Baca Juga :   Silaturahmi ke Kajati Sumsel, SKK Migas–KKKS Sumbagsel Perkuat Sinergi Jaga Operasi Hulu Migas dalam Koridor Hukum

Kapolda Sumsel pada kesempatan tersebut menyatakan komitmen penuh untuk mendukung kegiatan strategis nasional di sektor energi. Dukungan itu diwujudkan melalui pengamanan terukur, koordinasi aktif, serta respons cepat terhadap potensi gangguan.

Bagi para Kontraktor Kontrak Kerja Sama (KKKS), kolaborasi ini menjadi fondasi penting keberlanjutan operasi. Industri hulu migas memiliki karakter risiko tinggi dan membutuhkan kepastian di setiap lini—baik teknis, regulasi, maupun sosial.

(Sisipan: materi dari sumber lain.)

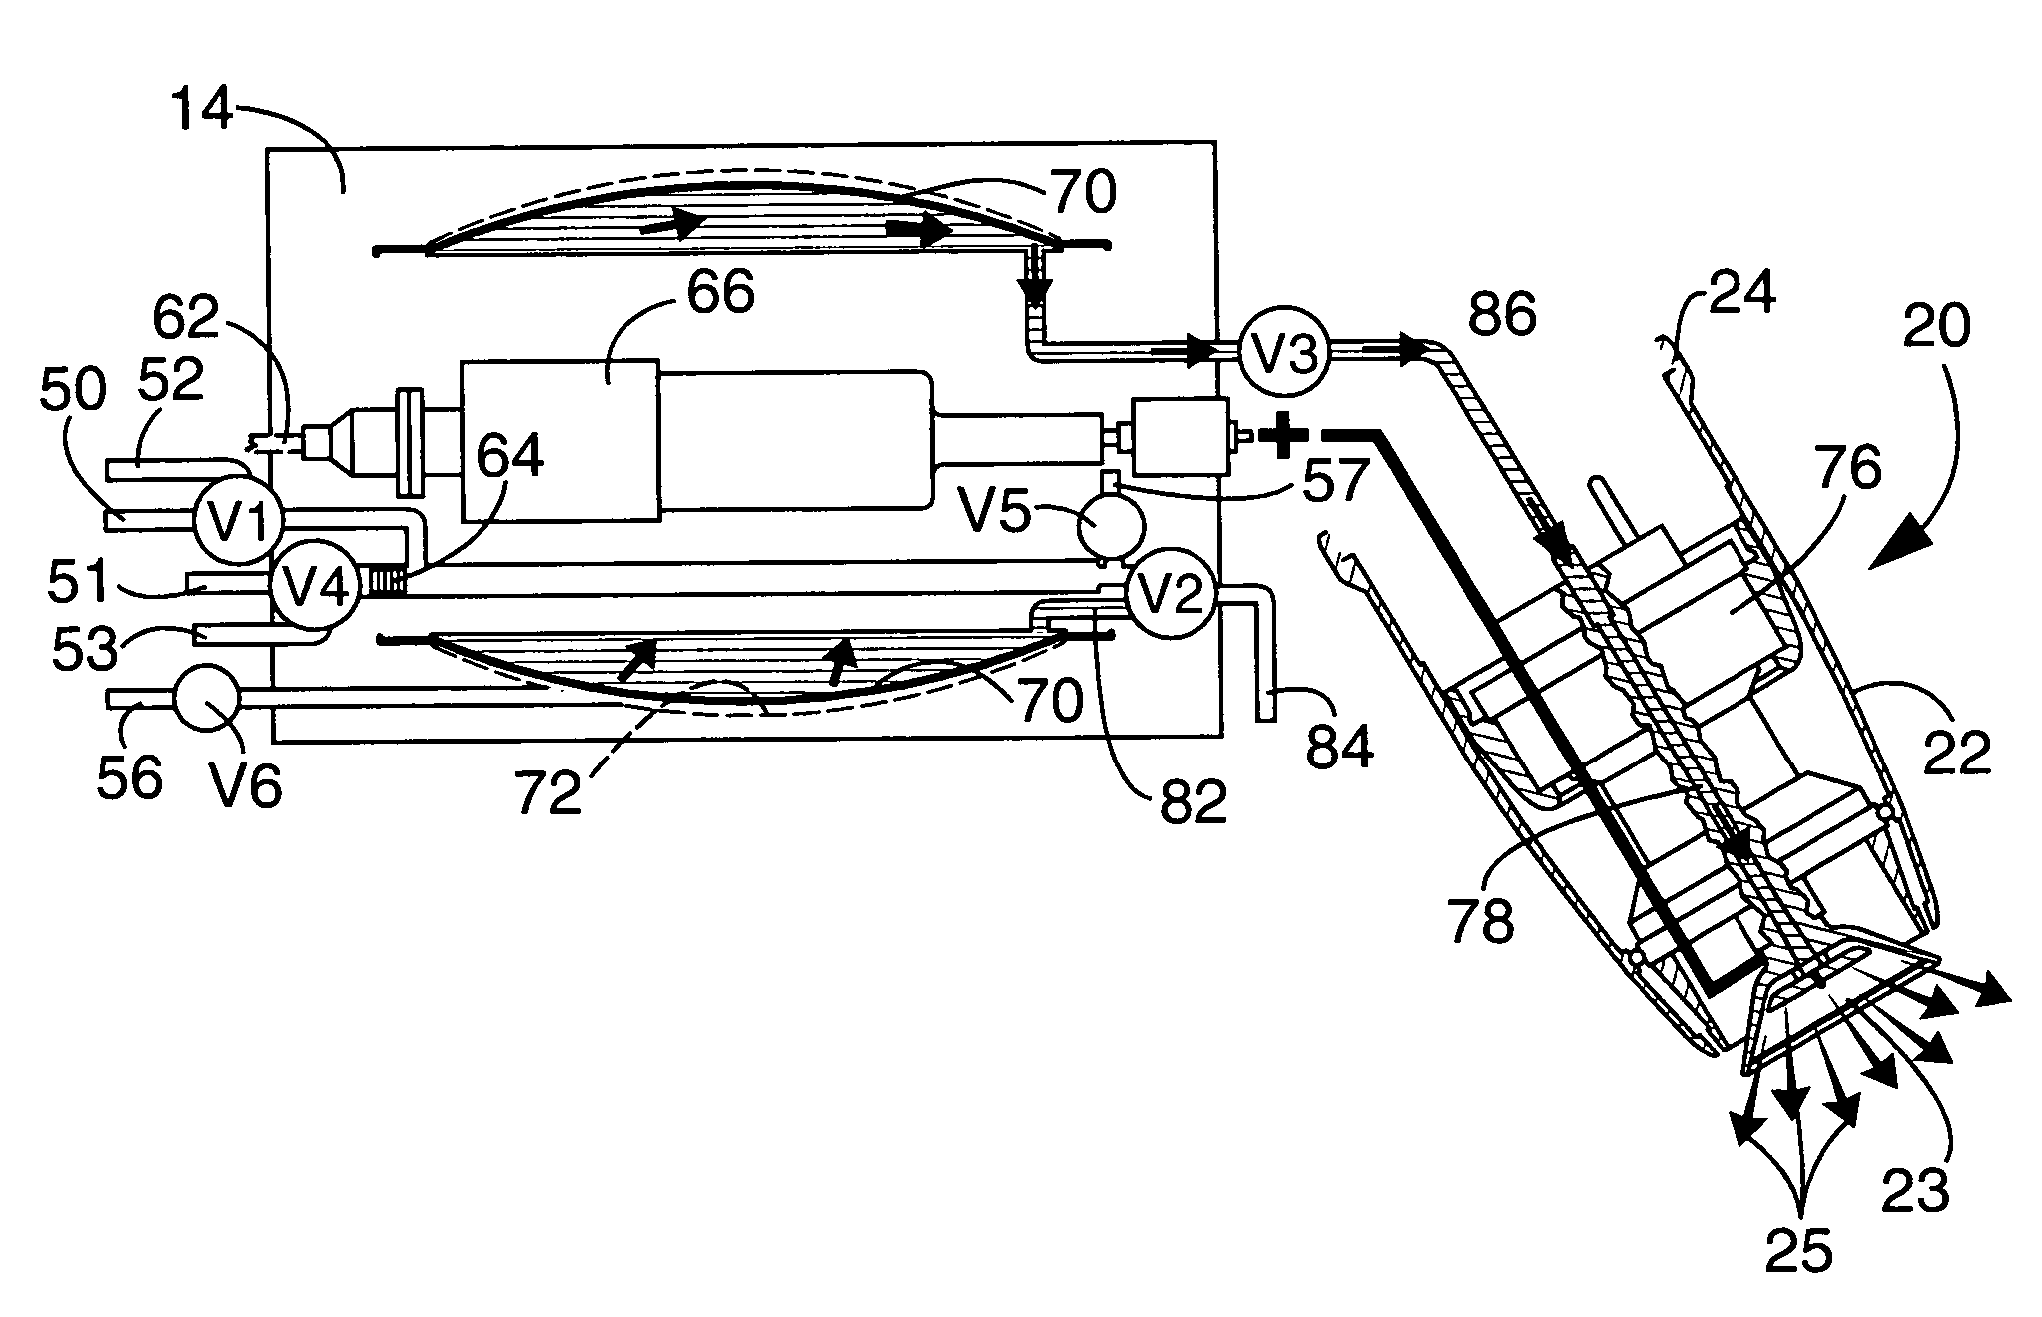 Apparatus and method for electrostatic spraying of conductive coating materials

Pertemuan ini sekaligus mengirim pesan kuat bahwa keberhasilan menjaga produksi energi nasional tidak bisa dilakukan secara parsial. Ia membutuhkan kerja bersama—regulator, operator, dan aparat penegak hukum—dalam satu irama kebijakan.

Di tengah tantangan produksi yang semakin kompleks, sinergi menjadi energi itu sendiri. Karena pada akhirnya, menjaga stabilitas hulu migas berarti menjaga pasokan energi bagi negeri.